Pulling power of 10-15 people. Drop huge stuff down on the bollard. With storm work or a few large job. It will pay for itself. Enough said..


----------



## trimmerman151 (Nov 6, 2010)

thanks for the info just wanted to find out before we got one. Also what about using the GRCS for skidding logs onto a trailer?


----------



## treemandan (Nov 6, 2010)

trimmerman151 said:


> thanks for the info just wanted to find out before we got one. Also what about using the GRCS for skidding logs onto a trailer?

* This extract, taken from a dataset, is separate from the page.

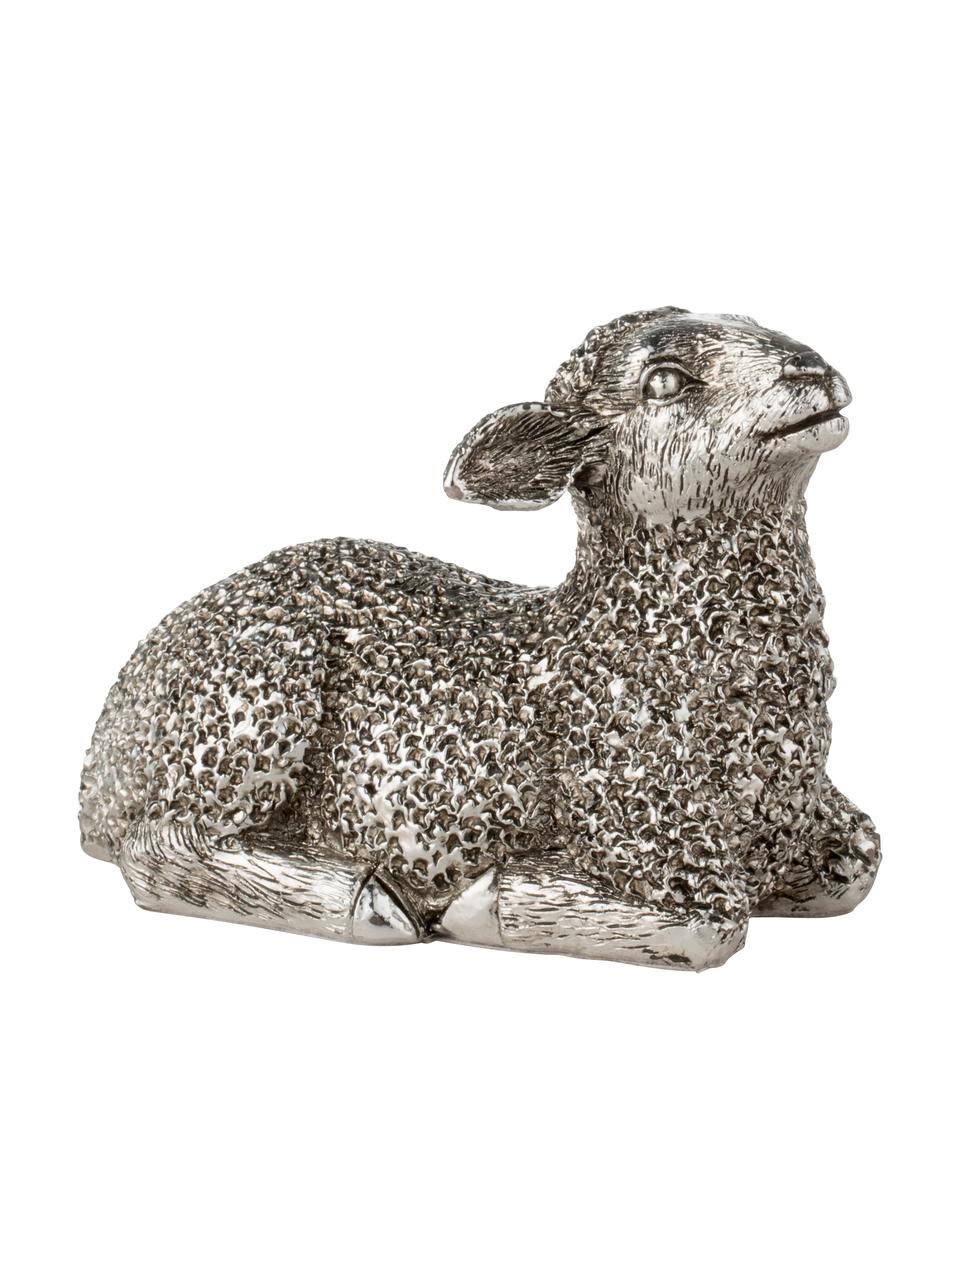 Deko-Objekt Lamb, Kunststoff, Silberfarben, 9 x 6 cm

Sounds like a hoot. I 'll watch.
I have survived for a long time without one though if you have the need for one then you should get it.
You can attach the porty to a loader or winch and then you have the control of GRCS and you don't have to lug it back to the tree this way.
You can set pulleys to lift and there are low cost "one-ups" of the Grcs that will work though not as nice. You have to judge if you will use it enough of you buy one. Only a few time a year I need to use something like Grcs and when I do I rig it like I mentioned.


----------



## jefflovstrom (Nov 6, 2010)

Once you get one, you find more reasons to use it.
Jeff


----------



## newb (Nov 6, 2010)

I've owned one for 6 years now and I have to tell you it is not worth it for a lowering device. However, if you need to lift a limb or pretension a limb, or do jobs you thought only a crane can do, then it is priceless!


----------



## Saw Dust Smoken (Nov 7, 2010)

*skid logs*

Yes. Could skid logs onto trailer. Use a pulley up high at front if possible. Least amount of friction on floor. 
The unit will need pulley set above to direct rope into winch.
If just log skidding? Why not get a mini with grapple of pallet forks?


----------



## trimmerman151 (Nov 7, 2010)

we do alot of residential work over houses and fences etc. just thinking about getting one to save time. also instead of cutting up white pine logs into firewood pieces and loading them into a truck we can skid the logs onto a trailer and take it to the mill thanks for the info guys.


----------



## WolverineMarine (Nov 7, 2010)

my partner has one..I swear to god I don't know how we did some of the stuff we did without it..the 1st or second time we used it we had prolly a 20+foot piece of dead ash suspended..had to be pushing a ton at least(I'll see if I can find the pics)..he hung it there..walked away to take a pic(all tied off)..VERY nice tool..check out some of the techniques you can use it for on youtube(the safe ones)
get the drill attachment too..if you set a line high up..you can buzz a guy up in less than a minute in case your climber had a rough night..LOL lots of other uses though too..

Buy one..you'll love it


----------



## fireman (Nov 18, 2010)

*grcs*

If you have not used the grcs you are missing out.I have put it to the test it has saved me more time and labor cost than any other piece of equipment.We have lowered and raised thousands of pounds with it and never had an issue.More than it is rated for and still working fine.The rating I thinks 2500lb.We have tripled that had no issue.WE use 3\4 bull rope raising and lowering and never had issue.Try to get pics up with it in use.I owe JPS and Charlie and apology sorry it took so long !!!!!!!!! I swear by the Grcs


----------